Well, after not seeing any option for me to enter the Win10 EOS extension program offered by the Windows Update utility, and having already resolved to suck it up and install Win11 even though I don't have a care in the world using Win10, for whatever reason I chose to install available updates yesterday, November 16, even though I let things lapse on October 14, the supposed official cutoff date. Then, lo and behold, the option to enter EOS arrangements appeared and became available. I needed to spend a few minutes sorting out my Microsoft login—which I'd avoided using since I didn't want to let them near my data as in migrating it to their data cloud—and it wasn't even for the $35 paid option, it was for the totally free option.
There were other factors at play. First, two days ago, much to my own surprise, I left Guitar Center with a Black Friday sale Fender Player II Stratocaster that was one of those rare perfect factory setup guitars with a neck that fit my fretting hand perfectly—unlike the hundreds of Strats I've auditioned over the past months from $300 Squiers to $7,000 Custom Shop examples. The $699 I paid was approximately the same amount I was prepared to pay for two new NVME SSDs and a new interface (for instance Yamaha URXC-44) to replace my firewire interface that's in the "threatened" category, which may or may not have worked in Win11. All of a sudden, here was a chance to offset that unusually emotional guitar purchase.

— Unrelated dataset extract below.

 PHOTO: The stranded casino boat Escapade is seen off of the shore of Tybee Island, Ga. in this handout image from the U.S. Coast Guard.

Also, one of few reasons that would have enticed me to make major changes—the imminent rollout of MIDI 2—seems like it's not going to happen until till at least Q1 next year, and software and hardware manufacturers will need time to react, so I wasn't going to get MIDI 2 (which requires Win11) even after all the labor I'd have to put into a Win11 fresh install (don't want to risk installing over the present version, thanks, even though I understand some have no problems).

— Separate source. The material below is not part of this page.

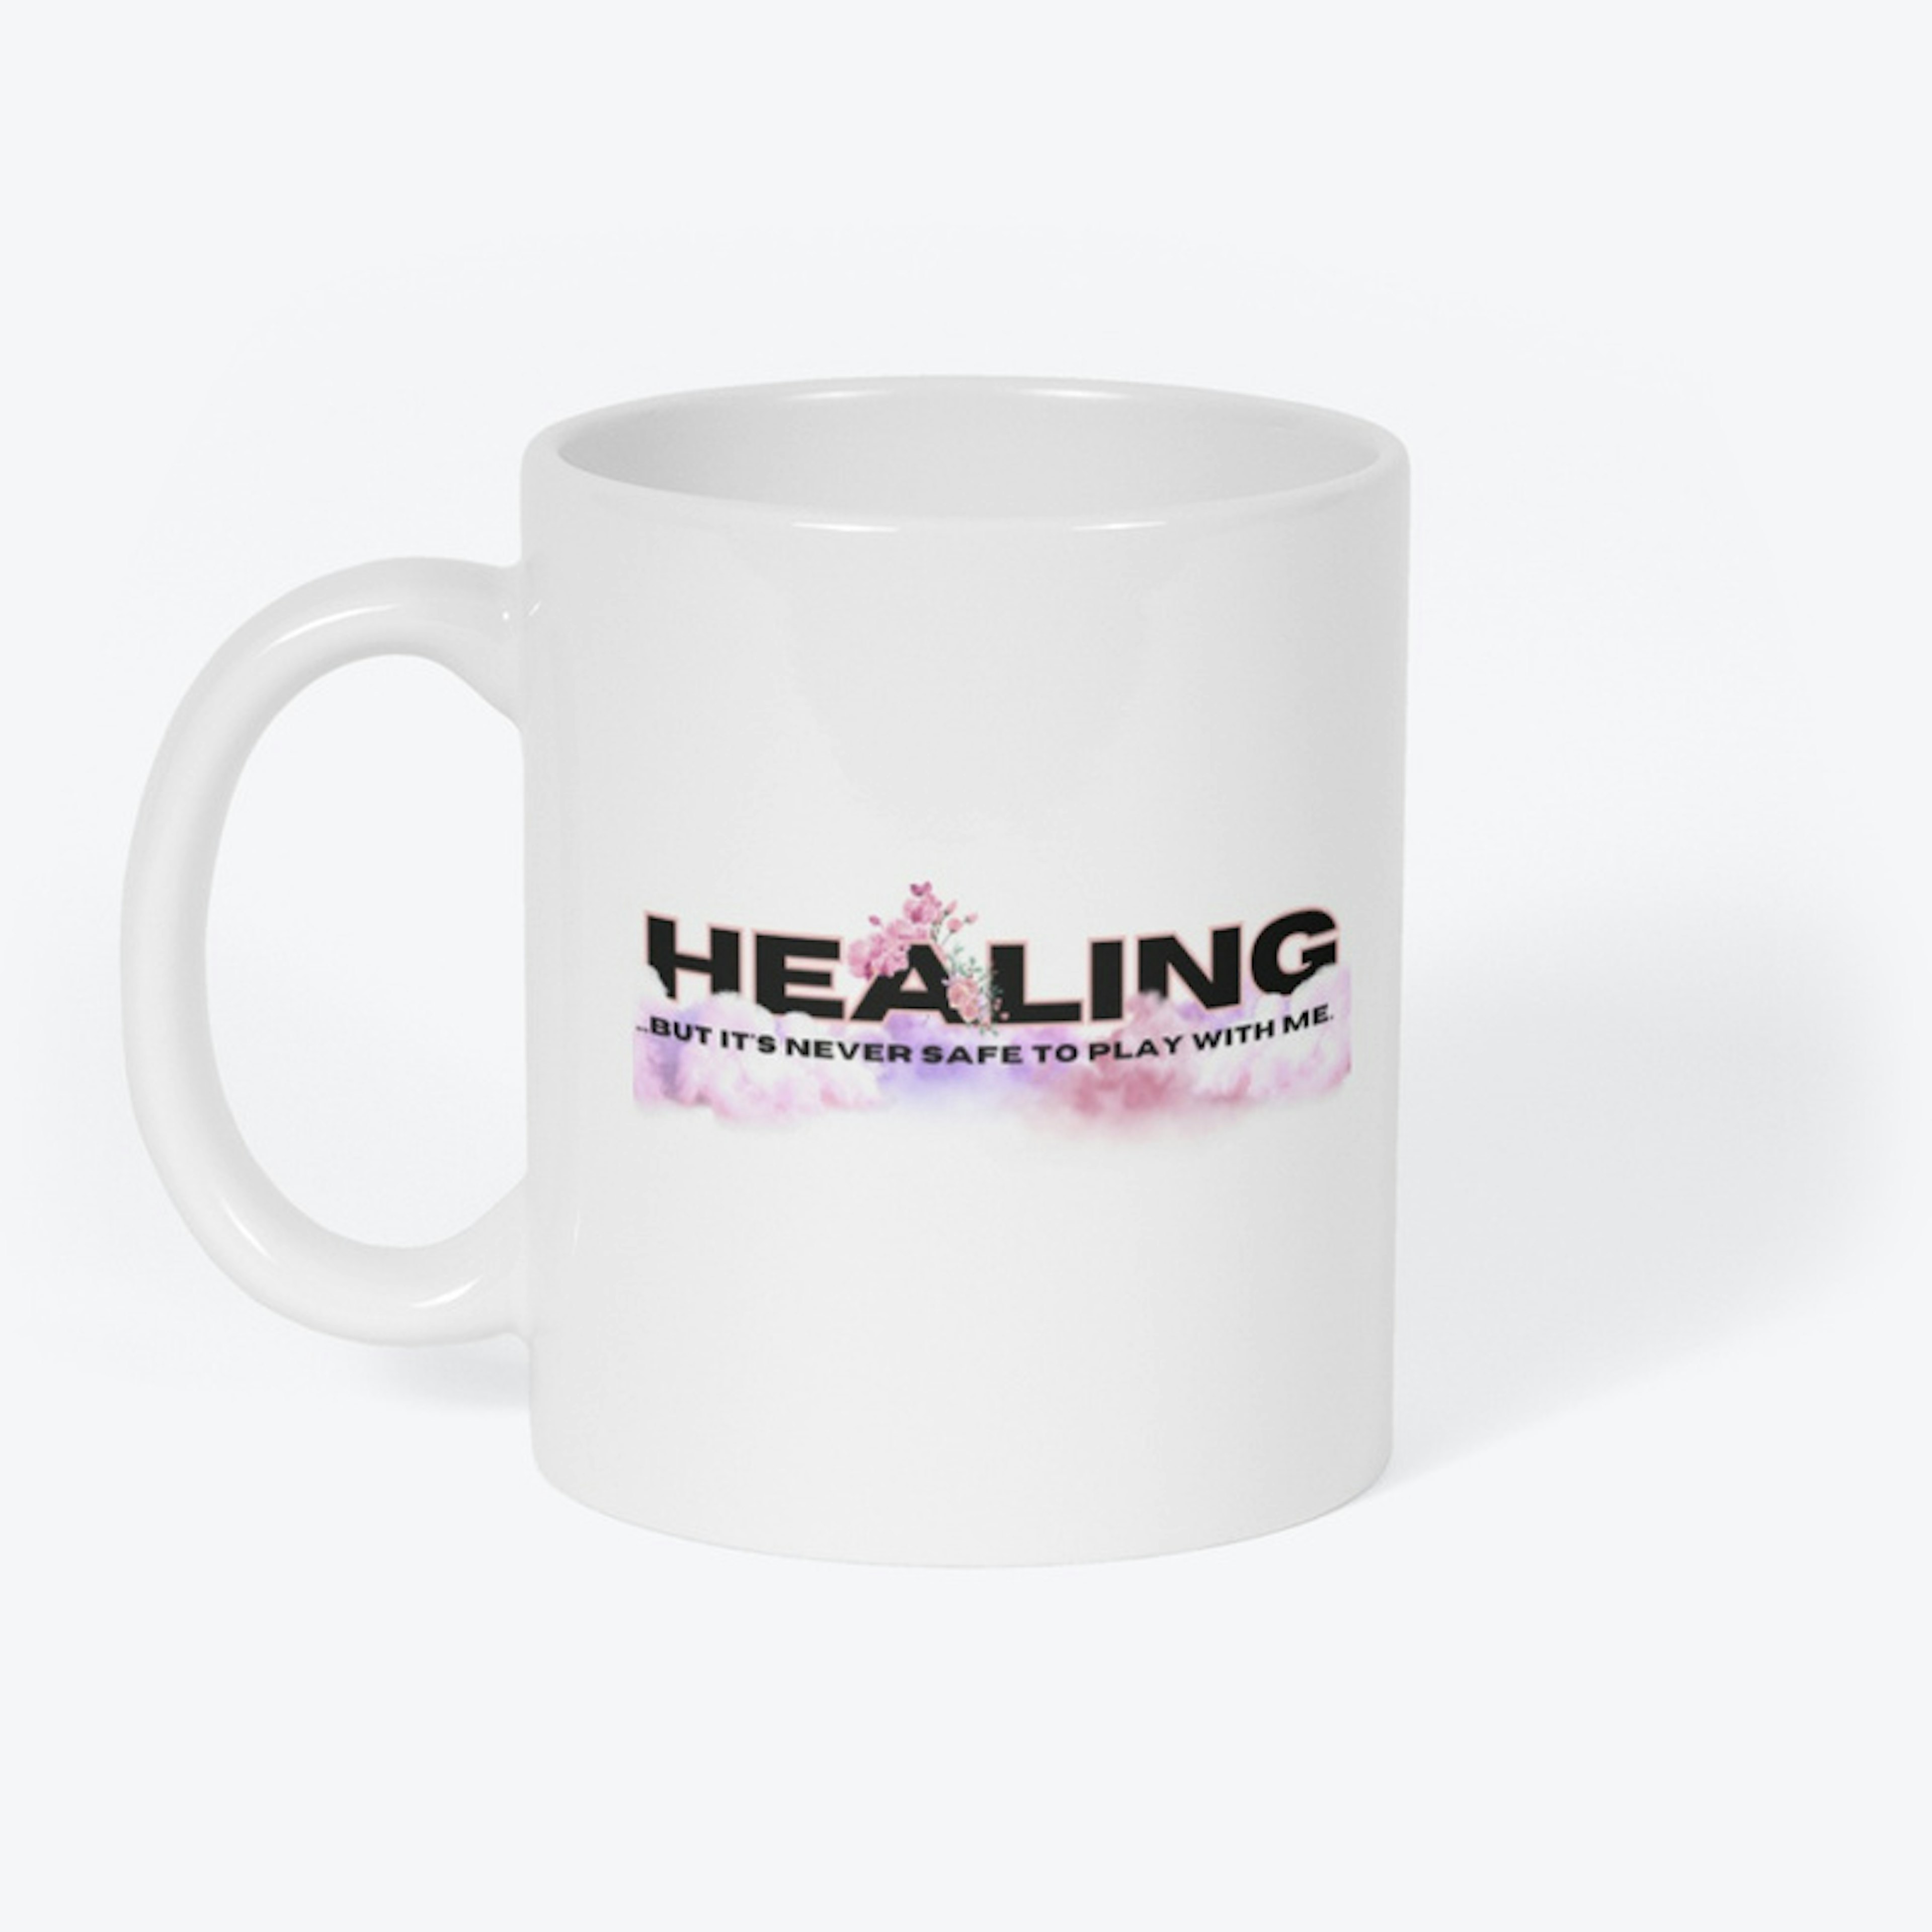 Healing, but don't play with me.

Now that the dust's settled, out of the blue I now own a very useful instrument and I just saved like a week's worth of PC transitions not to mention the chunk of change on new Win 11 hardware, allowing me to spend the same energy on recording a big production instead of making a big production out of PC changes. Sure, I'll still have to deal with Win11 eventually, that's not going away, but at least in the short term, I'll get a lot more out of having a guitar I can play effortlessly than Win11.